2023-08-19: We upload visualizations of different methods to this repo!
2023-08-15: We update the downloading urls of annotations for LVIS dataset (see issue #1), which are expired.
2023-08-14: Our paper receives publicity from the 极市平台!
2023-08-09: Our paper is reported and interpreted by CVHub!
2023-08-03: Our paper is accepted by IEEE Transactions on Multimedia (TMM) and to be published!

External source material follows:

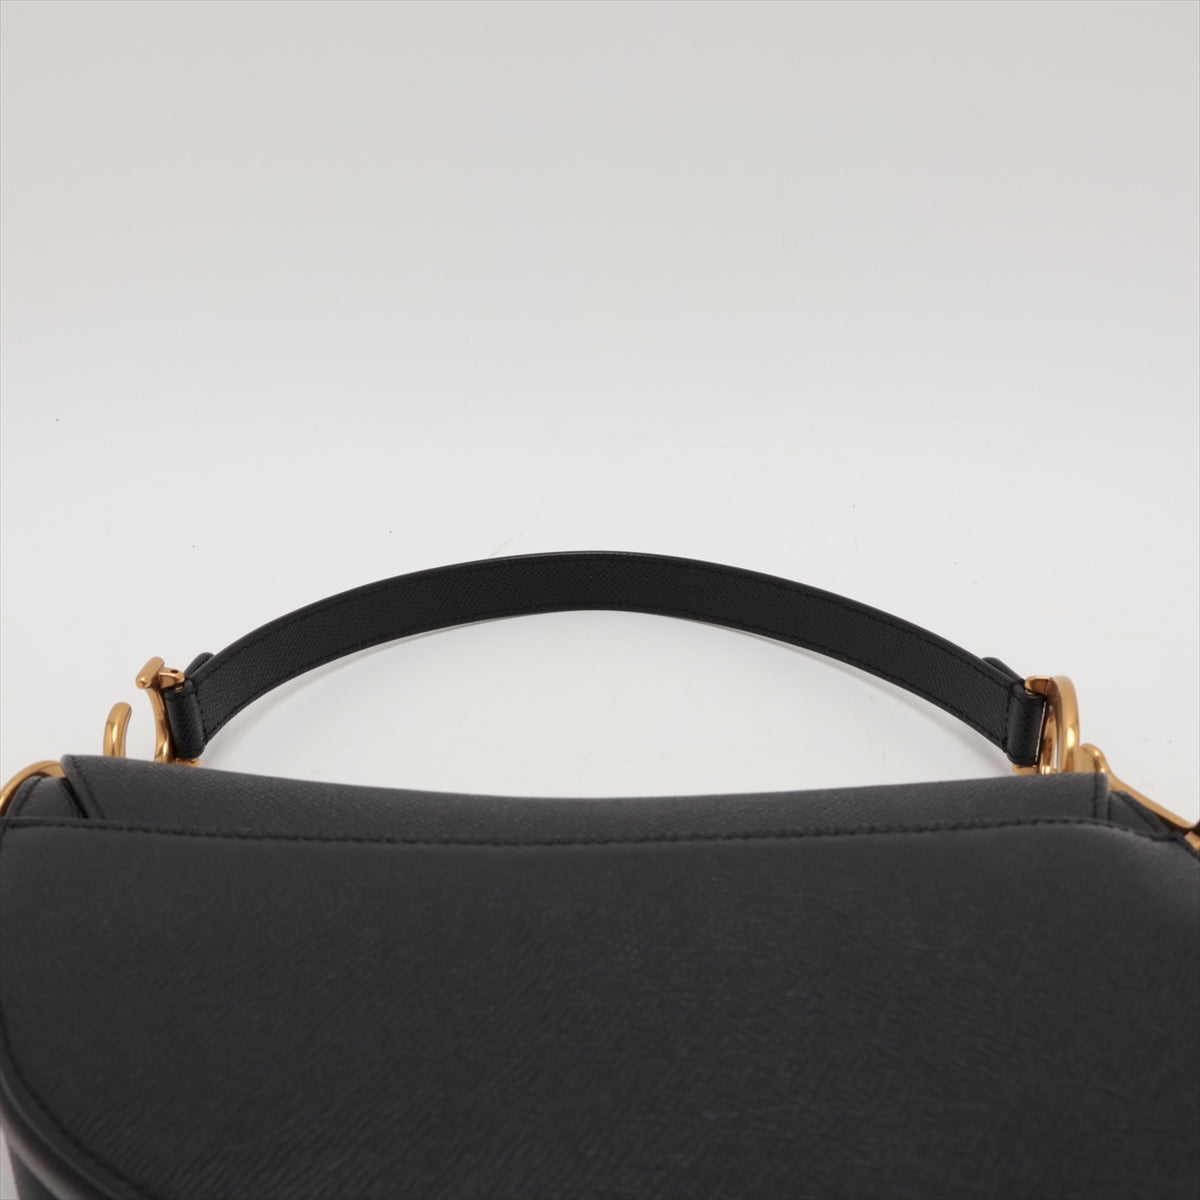 Christian Dior Saddle Bag Leather Shoulder Bag Black

- Integrate other SOTA methods to this repo
- Release pretrained Faster R-CNN detector with Swin Transformer as backbone
Conventional detectors suffer from performance degradation when dealing with long-tailed data due to a classification bias towards the majority head categories. In this paper, we contend that the learning bias originates from two factors: 1) the unequal competition arising from the imbalanced distribution of foreground categories, and 2) the lack of sample diversity in tail categories. To tackle these issues, we introduce a unified framework called BAlanced CLassification (BACL), which enables adaptive rectification of category distribution disparities and dynamic intensification of sample diversities in a synchronized manner. Specifically, a novel foreground classification balance loss (FCBL) is developed to ameliorate the domination of head categories and shift attention to difficult-to-differentiate categories by introducing pairwise class-aware margins and auto-adjusted weight terms, respectively. This loss prevents the over-suppression of tail categories by dominant head categories in the context of unequal competition. Moreover, we propose a dynamic feature hallucination module (FHM), which expands the representation of tail categories in the feature space by synthesizing hallucinated samples to introduce additional data variances. In this divide-and-conquer approach, BACL sets the new state-of-the-art on the challenging LVIS benchmark with a decoupled training pipeline, surpassing vanilla Faster R-CNN with ResNet-50-FPN by 5.8% AP and 16.1% AP for overall and tail categories. Extensive experiments demonstrate that BACL consistently achieves performance improvements across various datasets with different backbones and architectures.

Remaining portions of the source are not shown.